By signing this Schedule I, you agree to the acknowledgement on the last page of your Stock Option
Agreement.
The Plan document is available on the Biodel Inc. website. The Prospectus for the Plan, the
Company’s Annual Report on Form 10-K, and other filings the Company makes with the Securities and
Exchange Commission are available for your review on the Company’s web site. You may also obtain
paper copies of these documents upon request to the Company’s HR department.

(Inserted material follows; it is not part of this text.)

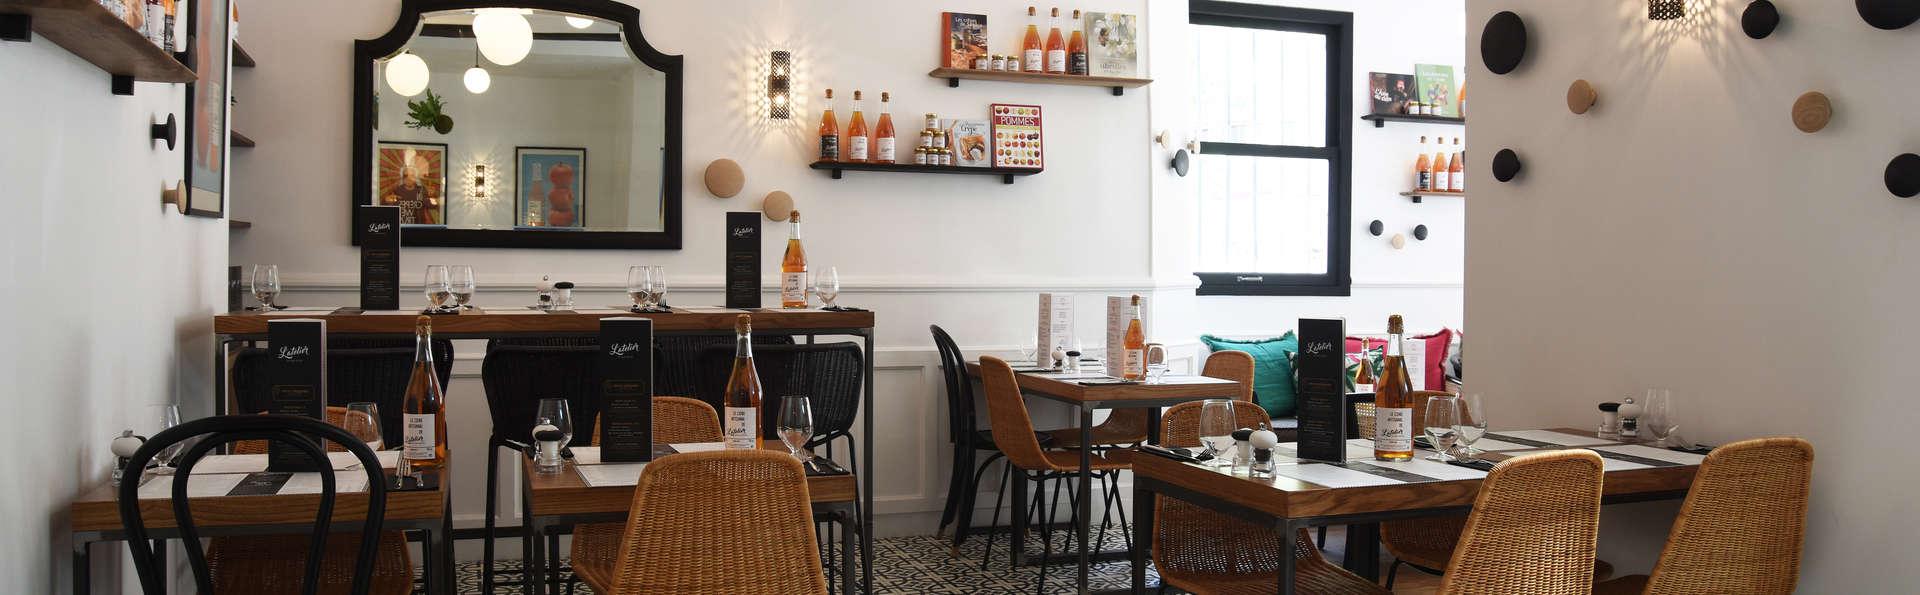 Escapade avec dîner dans une crêperie Parisienne

Neither the Company nor anyone else is making any representations or promises regarding the
duration of your service, exercisability of the Option, the value of the Company’s stock or of this
Option, or the Company’s prospects. The Company is not providing any advice regarding tax
consequences to you or regarding your decisions regarding the Option; you agree to rely only upon
your own personal advisors.
No one may sell, transfer, or distribute the Option or the securities that may be purchased
upon exercising the Option without an effective registration statement relating thereto or an
opinion of counsel satisfactory to Biodel Inc. or other information and representations
satisfactory to it that such registration is not required.